Im Jahr 2023 wird eine EU-Arbeitsgruppe empfohlen, dass Die Mitgliedstaaten erlassen plattformübergreifende Marketingbeschränkungen und erhöhen die Altersgrenze auf 18 Jahre. Die EU-Gesetzgeber haben jedoch noch keine Maßnahmen ergriffen.
„Es ist sehr wichtig, solche Best Practices zu haben“, sagte Calvert. „Es geht darum, dass die politischen Entscheidungsträger auf die wissenschaftlichen Erkenntnisse hören.“
Letztlich, so Calvert, sollten Werbebeschränkungen mit anderen Maßnahmen einhergehen, um eine gesunde Ernährung von Kindern und Jugendlichen zu fördern. Großbritannien erhebt beispielsweise auch eine Steuer auf Limonaden und andere zuckerhaltige Getränke, die gutgeschrieben mit Reduzierung des Zuckerzusatzkonsums von Kindern um die Hälfte.

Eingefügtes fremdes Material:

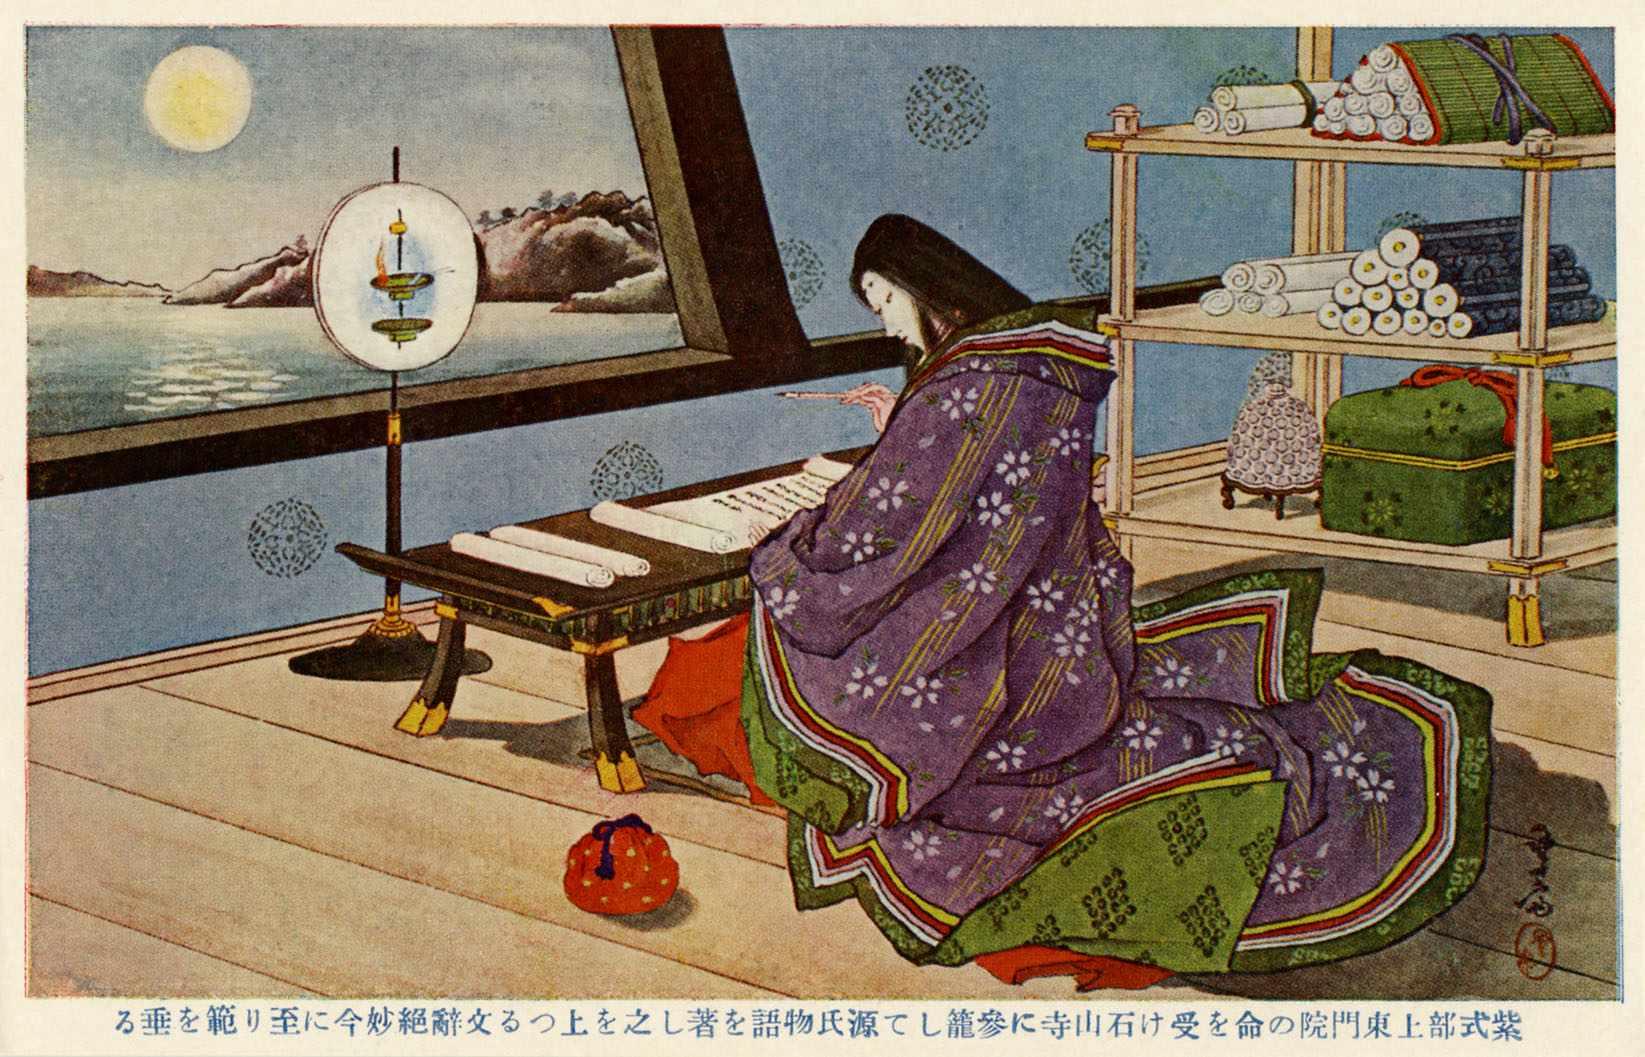 Lady Murasaki writing 'The Tale of Genji'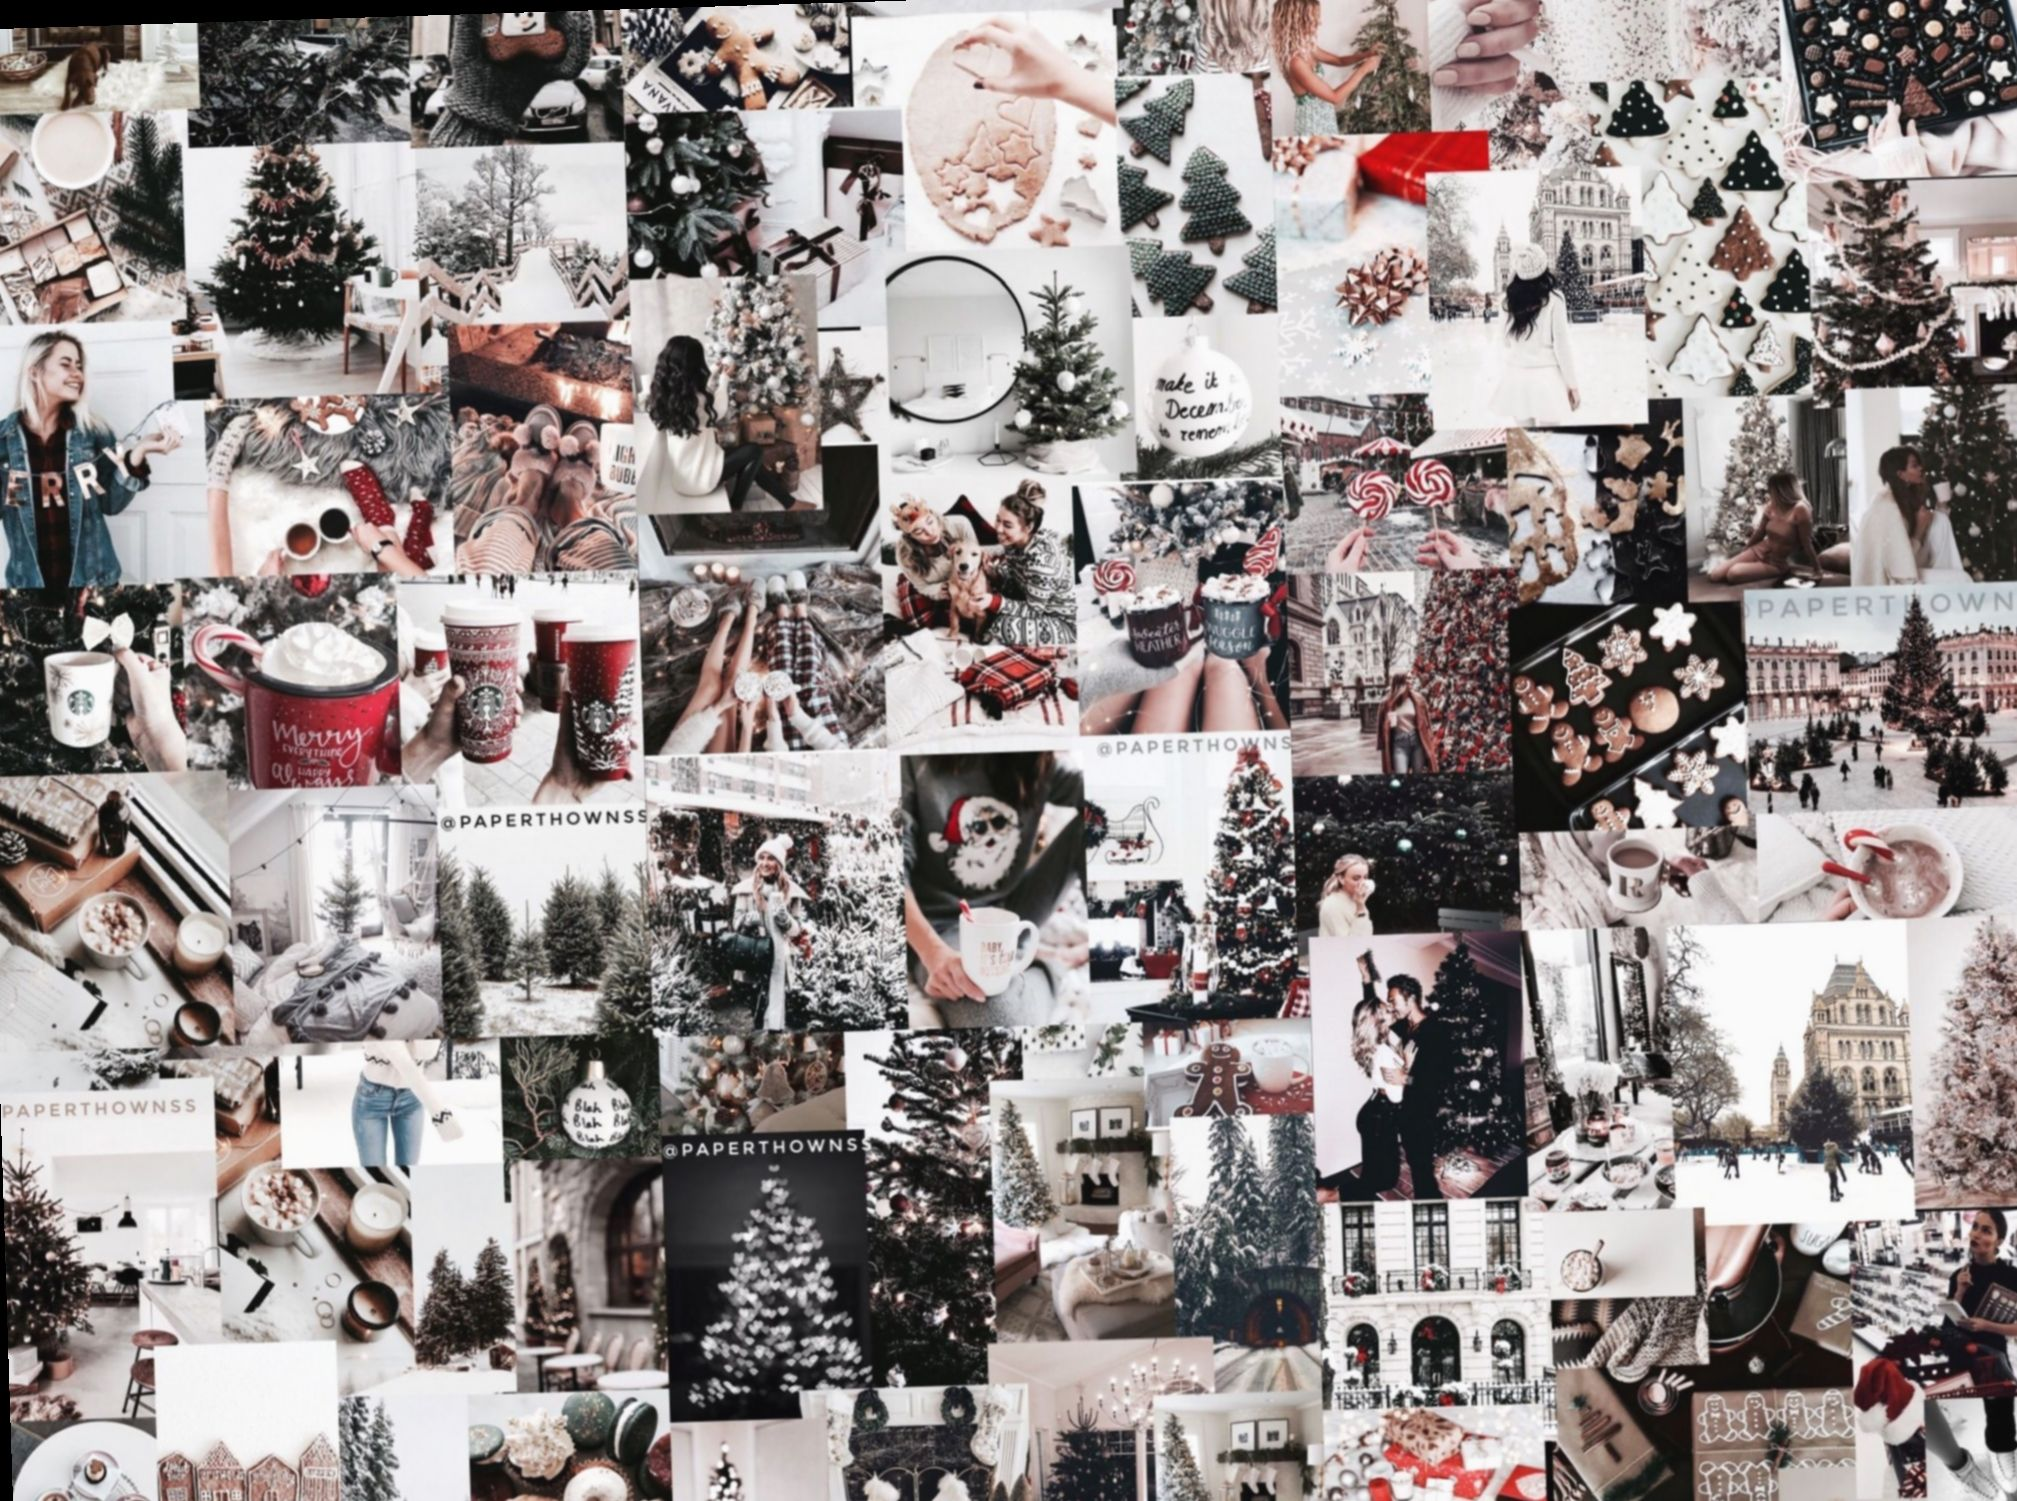 Wallpaper Ipad Winter Xmas Animal Dark Iphone In 2020 Christmas Collage Xmas Wallpaper Ipad Wallpaper

Calvert befürwortet außerdem verpflichtende Nährwertkennzeichnungen auf Lebensmittelverpackungen und eine Einschränkung der Werbung für ungesunde Snacks in Lebensmittelgeschäften und anderen Einzelhandelsgeschäften, etwa durch das Aufstellen von Schokoriegeln an den Kassen.
„Jede Reaktion auf die Fettleibigkeitskrise muss all diese Einflüsse berücksichtigen“, sagte Calvert.